La commission souligne que, conformément à l’article 11 de la convention, tout Membre de l’OIT pour lequel la convention est en vigueur doit prendre toutes mesures nécessaires et appropriées en vue d’assurer aux travailleurs et aux employeurs le libre exercice du droit syndical. La commission considère que le développement d’organisations libres et indépendantes et leur participation au dialogue social sont indispensables pour permettre à un gouvernement d’affronter ses problèmes sociaux et économiques et de les résoudre dans l’intérêt des travailleurs et de la nation. La commission prie instamment le gouvernement de prendre des mesures pour réexaminer dans cette optique la situation des syndicats dissouts, afin de garantir qu’ils puissent à nouveau fonctionner.

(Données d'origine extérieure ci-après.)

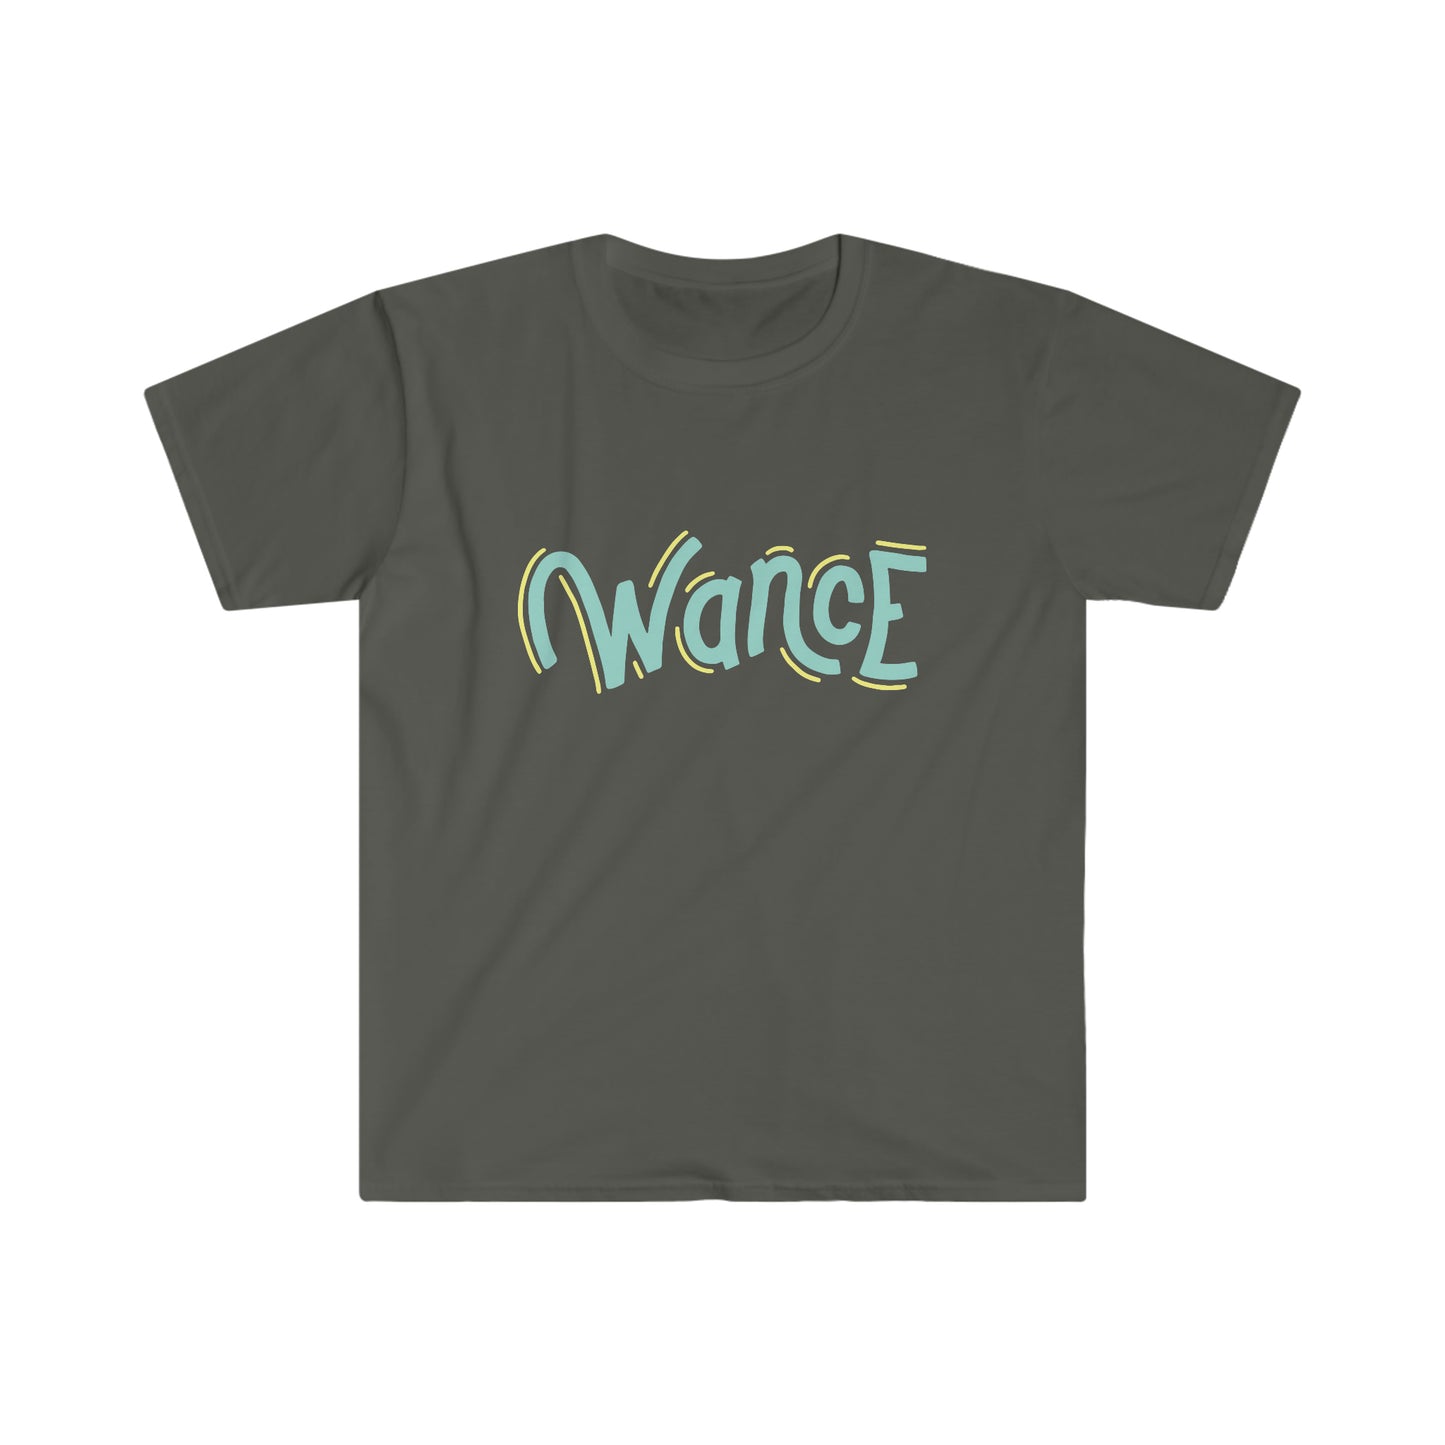 WANCE (teal & yellow) Unisex Softstyle T-Shirt

La commission rappelle que, dans son rapport de 2004, la Commission d’enquête a estimé que ses recommandations devaient être mises en œuvre sans plus tarder et que la majorité d’entre elles devraient avoir été appliquées au plus tard le 1er juin 2005. La commission déplore que, 18 ans plus tard, des faits récents révèlent des retours incessants à des situations antérieures, tout espace pour une existence sûre d’un mouvement syndical indépendant au Bélarus ayant pratiquement disparu. La commission prie instamment le gouvernement d’abandonner sa politique de destruction du mouvement syndical indépendant et de réduction au silence des voix libres des travailleurs. Elle le prie instamment d’engager le dialogue avec l’OIT pour mettre pleinement en œuvre, sans plus tarder, toutes les recommandations en suspens des organes de contrôle de l’OIT.